Очень часто при выборе песен, которые мне присылают в демовариантах или показывает муж, я не могу это объяснить, но я просто чувствую, что из этого может получиться что-то удивительное. Часто бывает, что мне снится кто-то из ушедших родственников и предупреждает о чем-то. И не раз я убеждалась, что предупреждают правильно. Спасибо им большое.

— Люди, которые с тобой работали или пересекались, описывают тебя как очень доброго и яркого человека. Наверняка это закладывалось в раннем возрасте. Каким ты помнишь свое детство?

— Все зависит от воспитания и родителей.
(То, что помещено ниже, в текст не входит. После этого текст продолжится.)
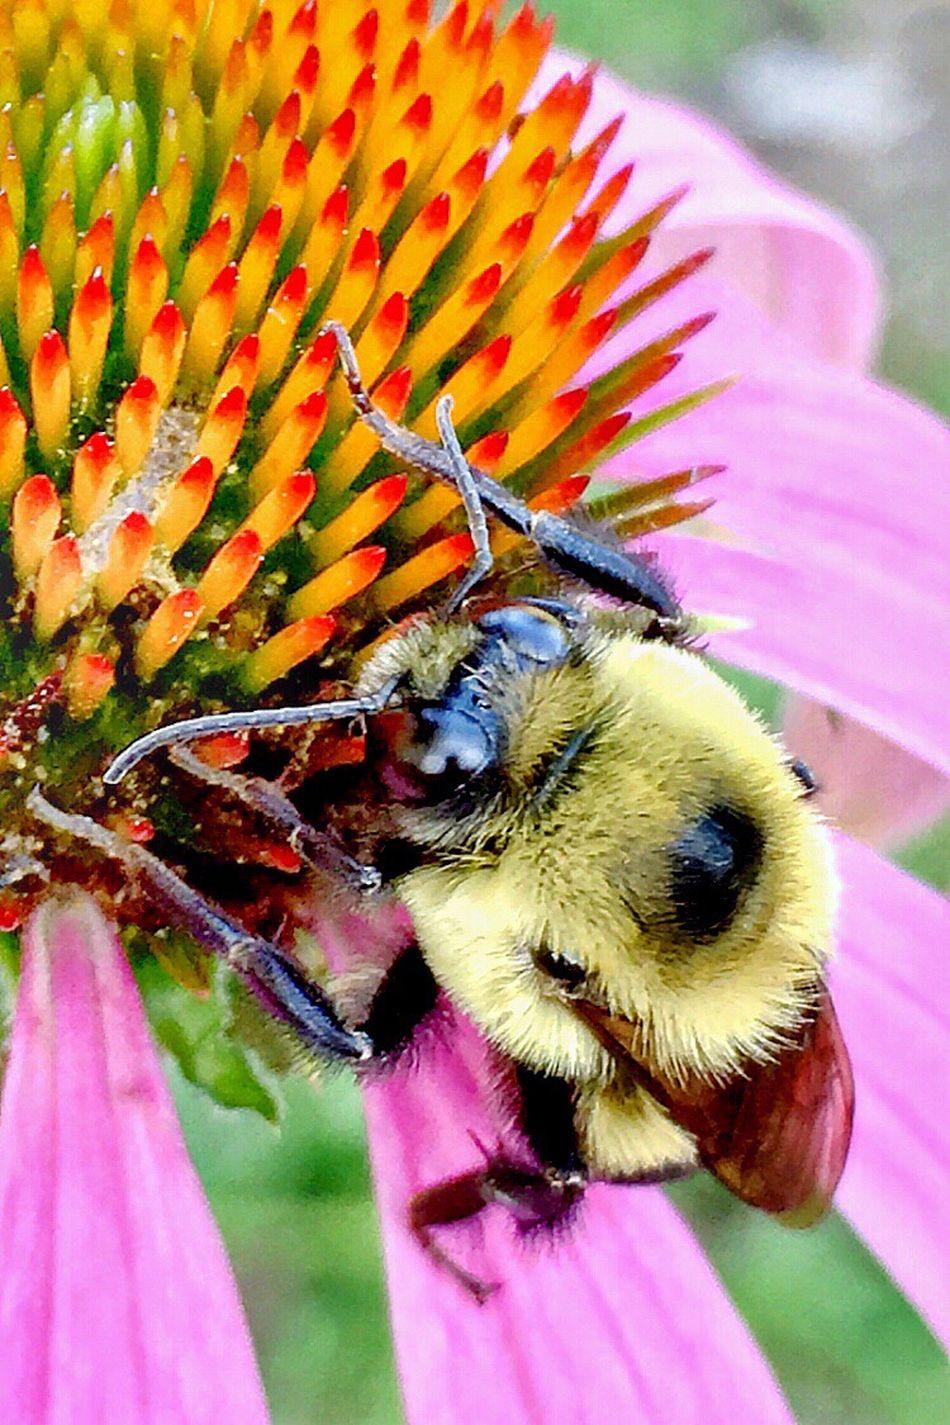 Bumble bee on coneflower. Ip6s, Camera+ Macro, edited in Enlight, Tadaa SLR and Snapseed. First Eyeem Photo

Моя мама очень трогательный и душевный человек, и эта трогательность и невероятная эмпатия к людям у меня от нее. А от папы — вспыльчивость, резкость, бунтарский характер. Поэтому, наверное, я в детстве и влюбилась в Пеппи Длинныйчулок. Меня вообще всю жизнь почему-то преследуют фильмы, сериалы, книги, где есть рыжие персонажи. Я ничего не могу с этим поделать, эта нить у меня не прерывается.

Детство в Кургане

— Какие самые яркие впечатления или воспоминания у тебя о детстве?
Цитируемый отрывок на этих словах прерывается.